She told me how she’d slept with the kitten and the little dog and, when she didn’t have them anymore, with the two or three toys she’d had so long that most of their fur was worn off. How she could smell the kitten for months in her room just as if it were still there. How the dog had died in the shower. How her husband had gotten mad, hit her, and taken the thing away. But you could tell she was glad when the body wasn’t there in the shower anymore.
* * *
“This man was watching me in the park,” she said. “He always watched me.”
“Why were you in the park, Lissy?”
She looked at me out of the corner of her eye and gave me a smile, the conspiratorial kind. “There’s more than one squirrel in those trees. Maybe a whole family. I like to watch them.”
I was surprised there were any animals at all in the park. You don’t see them anymore, except for the domesticates.
“Did you talk to this man?”
She seemed to know what I was asking. She said, “I wasn’t scared of him. He smiled a lot.” She laughed at something, and we all jumped. “I knew he wanted to talk to me, so I pretended there was a squirrel over by him, and I fed it. He said, Did I like animals and how I could make a lot of money and help the animals of the world.”
It wasn’t important. A dollar. A thousand. But I had to ask.
“How much money did he tell you?”
“Nine thousand dollars. That’s how much I’m going to get, and I’ll be able to see it when it’s born, and visit it.”
She told me how they entered her, how they did it gently while she watched, the instrument clean and bright.
The fertilized egg would affix to the wall of her uterus, they’d told her, and together they would make a placenta. What the fetus needed nutritionally would pass through the placental barrier, and her body wouldn’t reject it.
Her eyes looked worried now. She was remembering things—a beating, men in uniforms with guns, a man with a microphone pushed against her belly. Had her husband hit her there? If so, how many times? I wondered.
“Will the baby be okay?” she asked, and I realized I’d never seen eyes so colorless, a face so trusting.
“That’s what the doctors say,” I said, looking up at the side arms, putting it on them.
Nine thousand. More than a man like her husband would ever see stacked in his life, but he’d beaten her anyway, furious that she could get it in her own way when he’d failed again and again, furious that she’d managed to get it with the one thing he thought he owned—her body.
Paranoid somatopaths are that way.
I ought to know. I married one.
* * *
I’m thinking of the mess we’ve made of it, Lissy. I’m thinking of the three hundred thousand grown children of the walking wounded of an old war in Asia who walk the same way.
I’m thinking of the four hundred thousand walljackers, our living dead. I’m thinking of the zoos, the ones we don’t have anymore, and what they must have been like, what little girls like Lissy Tomer must have done there on summer days.
I’m thinking of a father who went to war, came back, but was never the same again, of a mother who somehow carried us all, of how cars and smog and cement can make a childhood and leave you thinking you can change it all.
* * *
I wasn’t sure, but I could guess. The man in the park was a body broker for pharmaceuticals and nonprofits, and behind him somewhere was a species resurrection group that somehow had the money. He’d gotten a hefty three hundred percent, which meant the investment was already thirty-six grand. He’d spent some of his twenty-seven paying off a few W&I people in the biggest counties, gotten a couple dozen names on high-V.R. searches, watched the best bets himself, and finally made his selection.
The group behind him didn’t know how such things worked or didn’t particularly care; they simply wanted consenting women of childbearing age, good health, no substance abuse, no walljackers, no suicidal inclinations; and the broker’s reputation was good, and he did his job.
Somehow he’d missed the husband.
As I found out later, she was one of ten.

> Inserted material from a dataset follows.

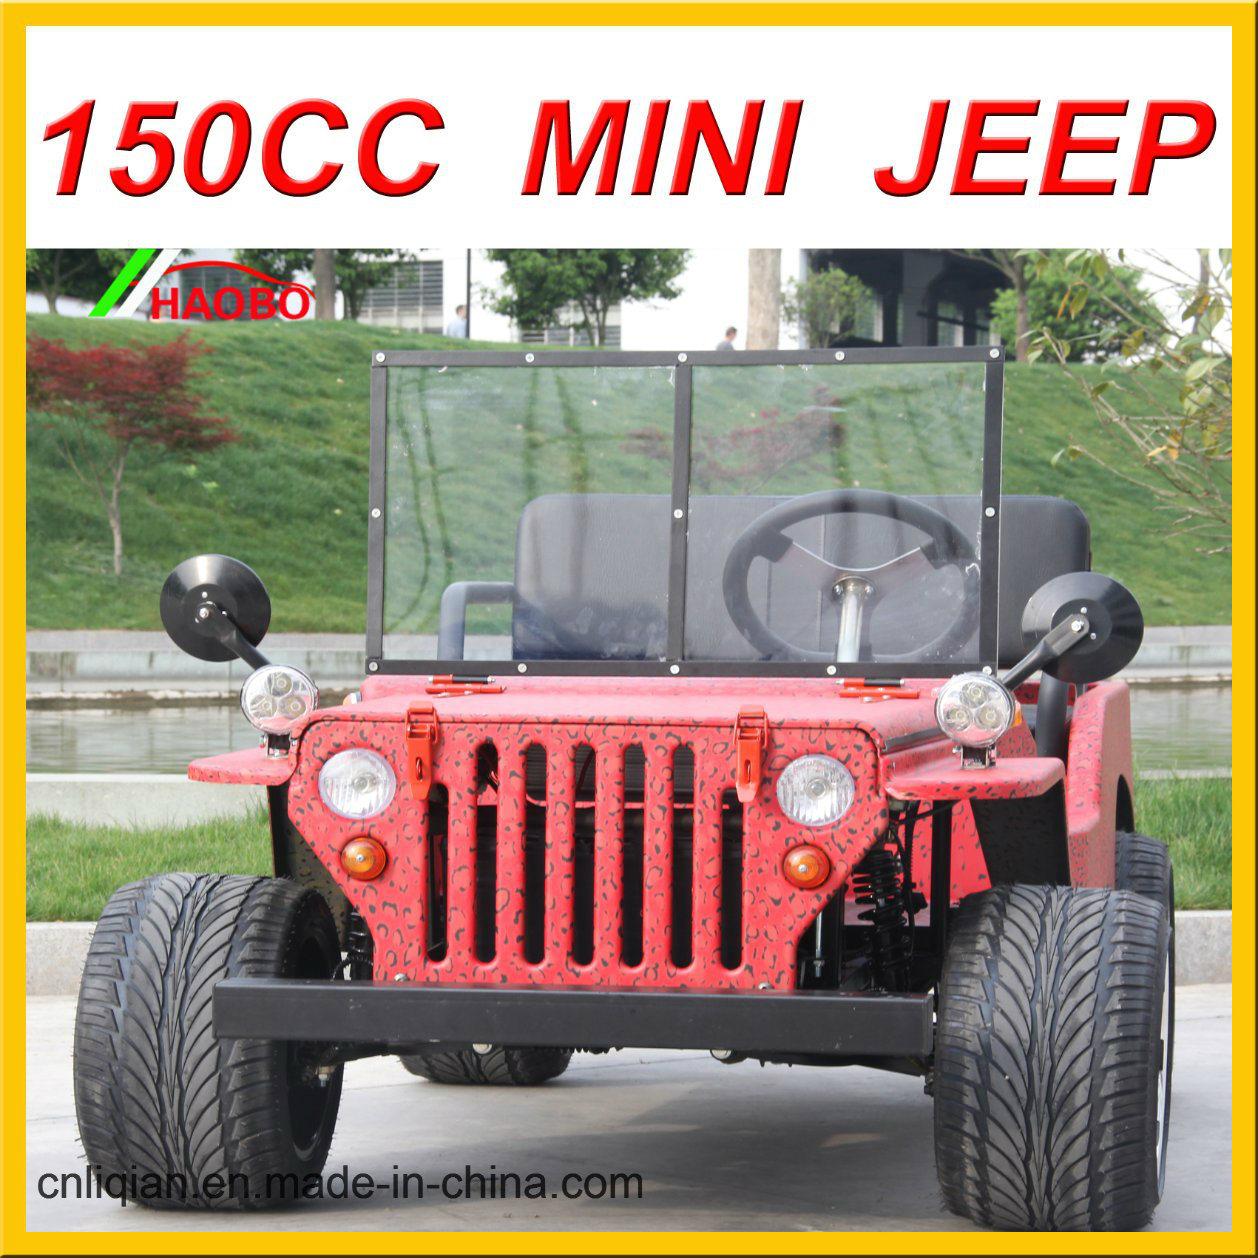 150cc, 200cc Mini Jeep for Sales

Surrogates for human babies were a dime a dozen, had been for years. This was something else.
In a nation of two hundred eighty million, Lissy Tomer was one of ten—but in her heart of hearts she was the only one. Because a man who said he loved animals had talked to her in a park once. Because he’d said she would get a lot of money—money that ought to make a husband who was never happy, happy. Because she would get to see it when it was born and get to visit it wherever it was kept.
The odd thing was, I could understand how she felt.
* * *
I called Antalou at three A.M., got her mad but at least awake, and got her to agree we should try to get the girl out that same night—out of that room, away from the press, and into a County unit for a complete fetal check. Antalou is the kind of boss you only get in heaven. She tried, but Mendoza stonewalled her under P.C. Twenty-two, the Jorgenson clause—he was getting all the publicity he and his new unit needed with the press screaming downstairs—and we gave up at five, and I went home for a couple hours of sleep before the paperwork began.
I knew that sitting there in the middle of all that glass with two armed medics was almost as bad as the press, but what could I do, Lissy, what could I do?
I should have gone to the hotel room that night, but the apartment was closer. I slept on the sofa. I didn’t look at the bedroom door, which is always locked from the outside. The nurse has a key. Some days it’s easier not to think about what’s in there. Some days it’s harder.
I thought about daughters.
* * *
We got her checked again, this time at County Medical, and the word came back okay. Echomytic bruises with some placental bleeding, but the fetal signs were fine. I went ahead and asked whether the fetus was a threat to the mother in any case, and they laughed. No more than any human child would be, they said. All you’re doing is borrowing the womb, they said. “Sure,” this cocky young resident says to me, “it’s low-tech all the way.” I had a lot of homework to do, I realized.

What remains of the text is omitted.